On September 21, 1996, he was awarded the Medal  "For Combat Service" by the Decree of the President of the Republic of Armenia.

On November 22, 1997, he was awarded the Medal of "Marshal Baghramyan" by the Decree of the RA Defense Minister.

On May 8, 2001, he was awarded the "Maternal Gratitude" Medal by the NKR.

On May 14, 2002, he was awarded the Medal of "Courage" by the President of the NKR.

On May 8, 2003, he was awarded "Sparapet Vazgen Sargsyan" Medal by the Decree of the RA Defense Minister.

On June 21, 2003, the President of the NKR awarded him the "Battle Cross" Order of 1st degree.

On June 11, 2007, he wasawarded the "Garegin Nzhdeh Medal of the Ministry of Defense of the Republic of Armenia.

On July 1, 2016, he was awarded the "Andranik Ozanyan" Medal of the Ministry of Defense of the Republic of Armenia.

He was twice awarded with a nominal weapon by the Prime Minister of the Republic of Armenia. The NKR Defense Army also awarded him with personal weapons.

By the Decree of the President of the Republic of Armenia dated January 23, 2017 he was awarded the Medal of "Courage".

On 29 October 2020, by the decree of the President of the Republic of Artsakh Arayik Harutyunyan, Suren Barseghyan has been awarded the title of Hero of Artsakh.

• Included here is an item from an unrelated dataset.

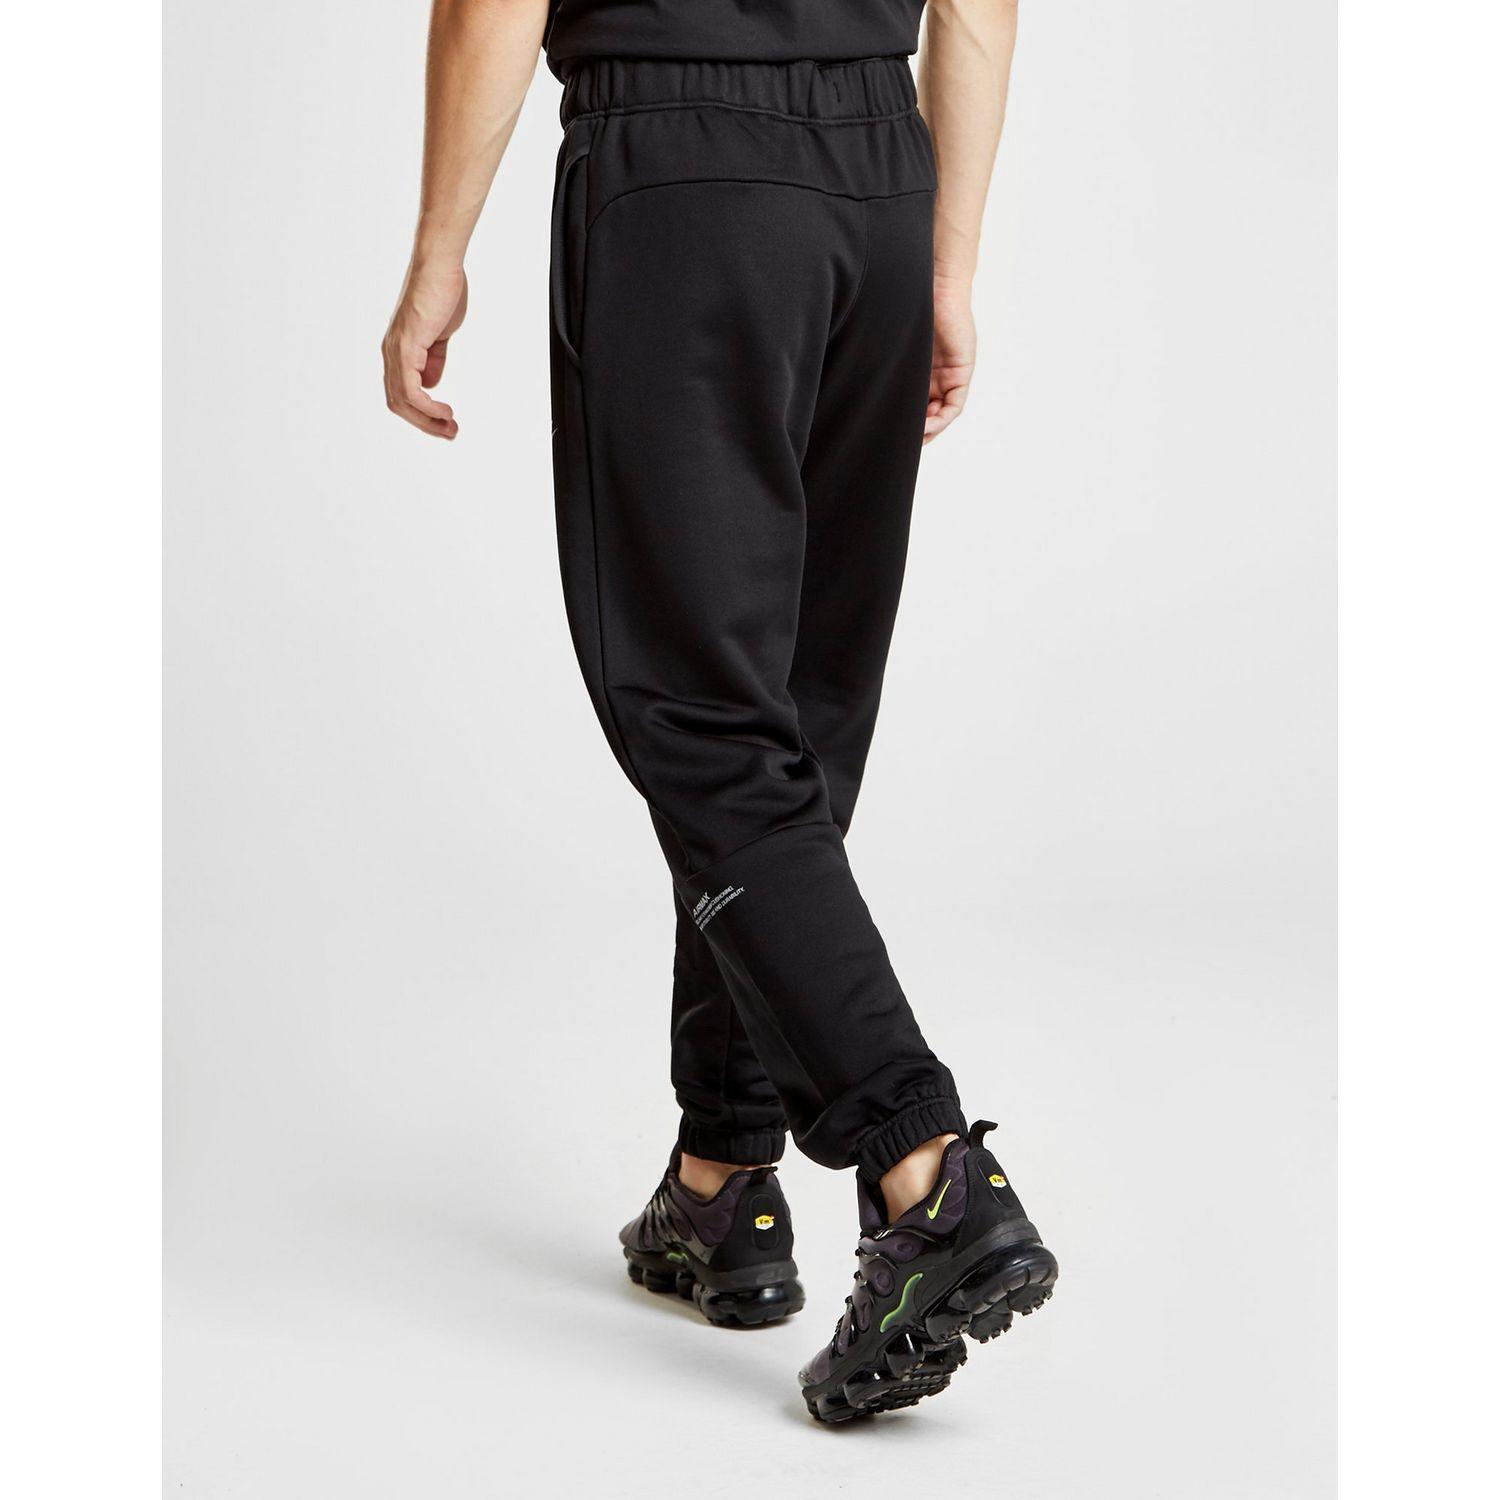 Nike Cotton Sportswear Air Max Joggers in Black for Men - Lyst

In compliance with my decision, for exclusive services shown to the Republic of Artsakh in ensuring the defense and security of the Motherland, for courage and personal bravery Suren Barseghyan will be conferred the highest title of the "Hero of Artsakh". Suren Barseghyan has been in combat positions with a volunteer detachment since September 29. The detachment formed in Yerevan, led by the commander, authored many heroic military operations, pushing back the enemy, and inflicting numerous losses. Most of the fellows-in-arms are presented to awards as well. Honor and glory to all our defenders of the Motherland!